Plotting timestep vs action function
NC25 opened this issue · 2 comments
Hello,
I implemented and trained my PPO for a discrete action space.
env = gym.make('fishing-v0')
model = PPO2(MlpPolicy, env , verbose=2)
model.learn(total_timesteps=100
Now, I am trying to plot a graph that shows timesteps v action so I can see what my model performs
def step():
obs = env.reset()
for i in range(100):
action, _states = model.predict(obs)
obs, rewards, dones, info = env.step(action)
env.render()
y = []
y.extend(action)
return y
step()
x = np.linspace(0, 100, 100)
fig, ax = plt.subplots() # Create a figure and an axes.

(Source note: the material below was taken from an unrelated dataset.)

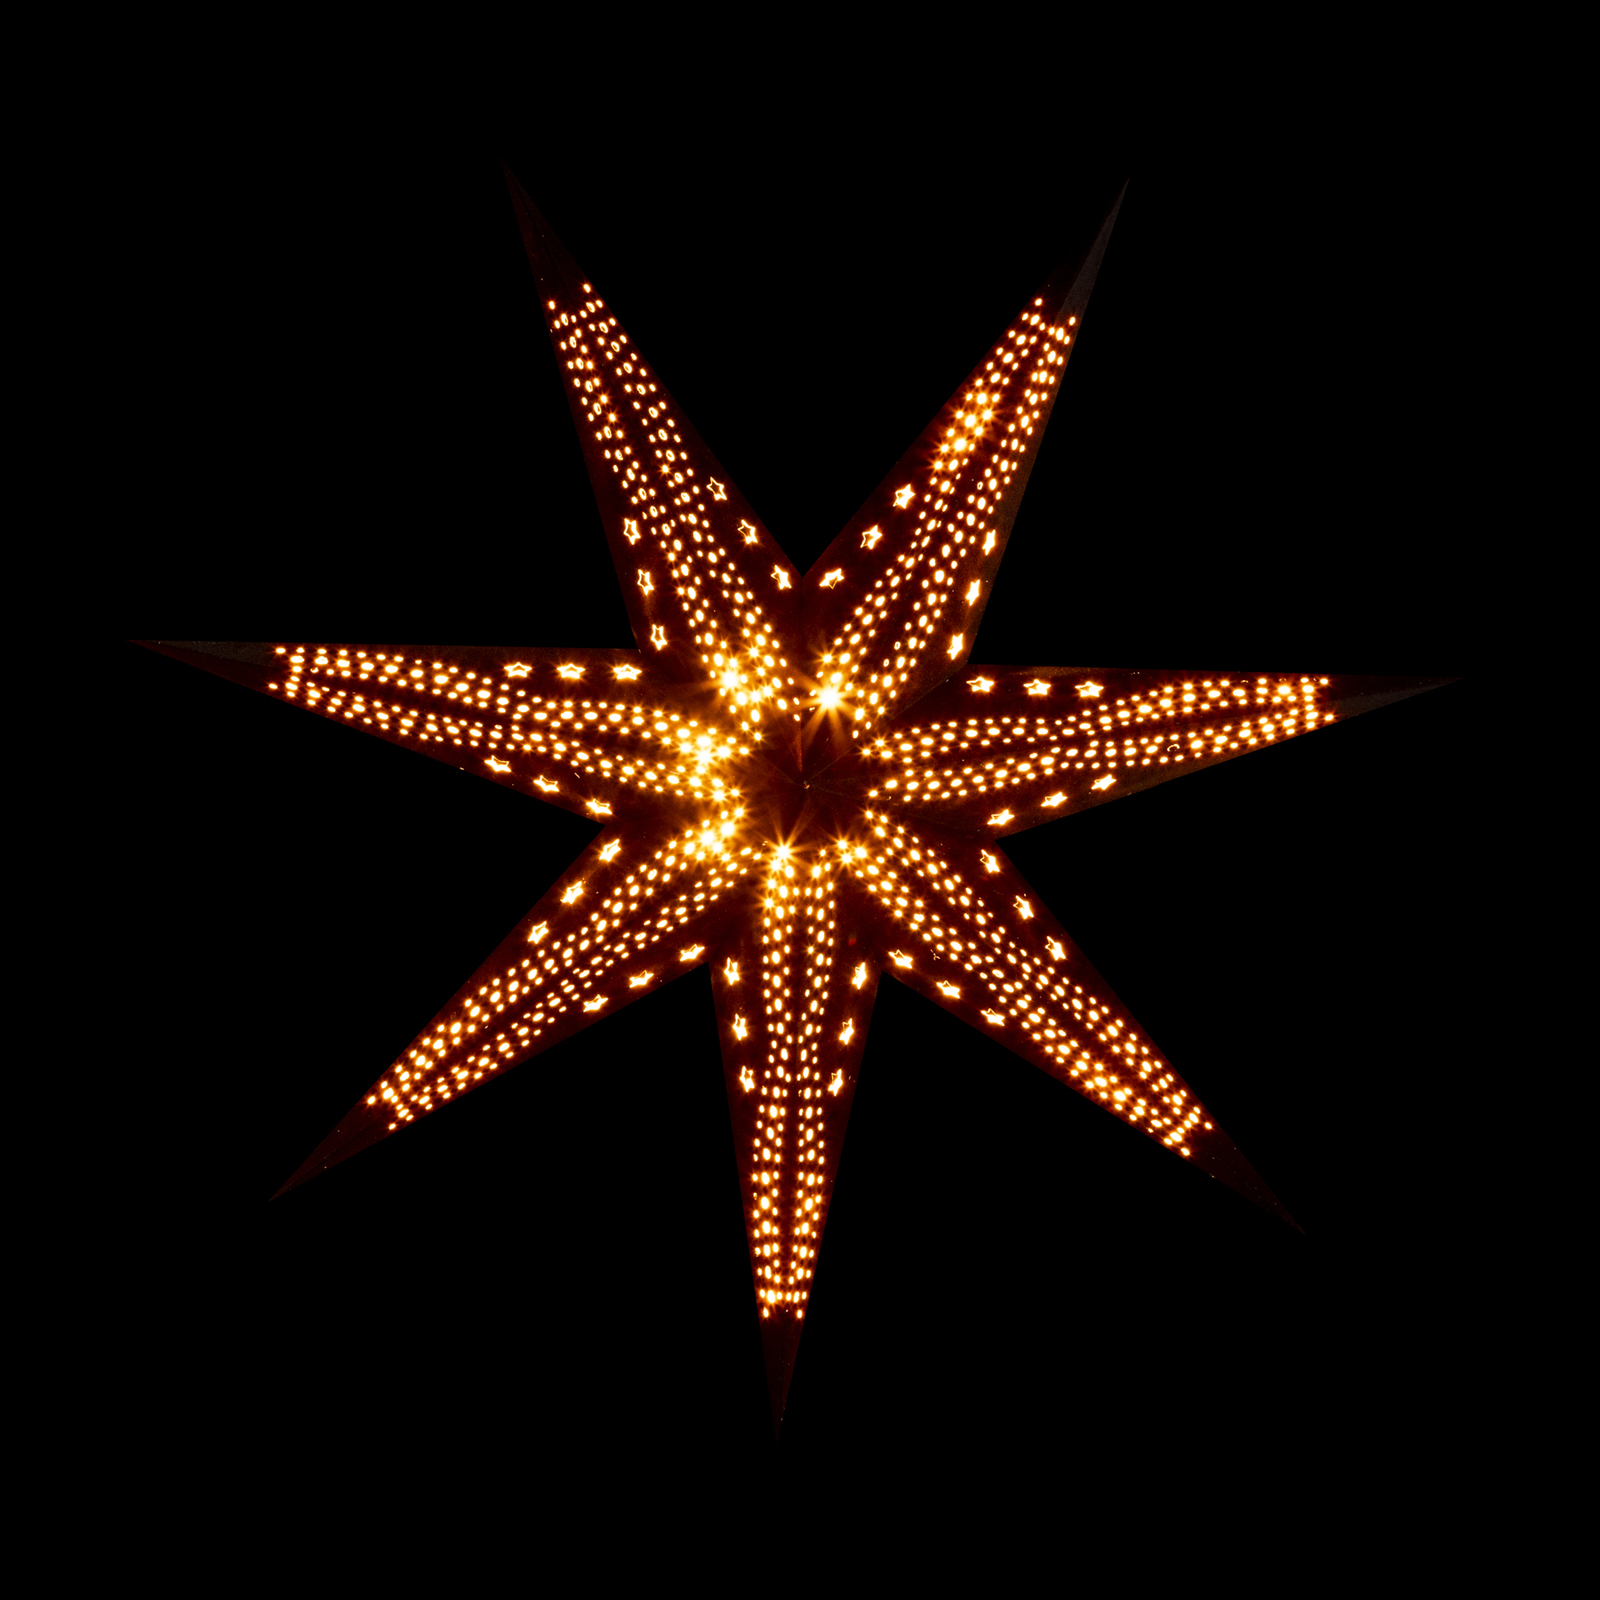 Sterntaler Samt paper star, Ø 75 cm black

ax.plot(x, y, label='linear')
But I get an error that the object is not iterable
I was trying to get y to be a list with 100 reward values so the function can be iterable, but the error shows that it is not the case
I wondering if there was another way so I could plot timestep vs action.
Hi,
The list y is being recreated inside the for loop, you should create it once just after obs = env.reset()
However I would suggest evaluating your model on several instances of the problem and taking the average using:
from stable_baselines.common.evaluation import evaluate_policy
Thank you, I was able to implement
def step():
obs = env.reset()
y = []
for i in range(100):
action, _states = model.predict(obs)
obs, rewards, dones, info = env.step(action)
env.render()
y.append(action)
return y
step()
x = np.linspace(0, 100, 100)
fig, ax = plt.subplots() # Create a figure and an axes.
ax.plot(x, step(), label='linear')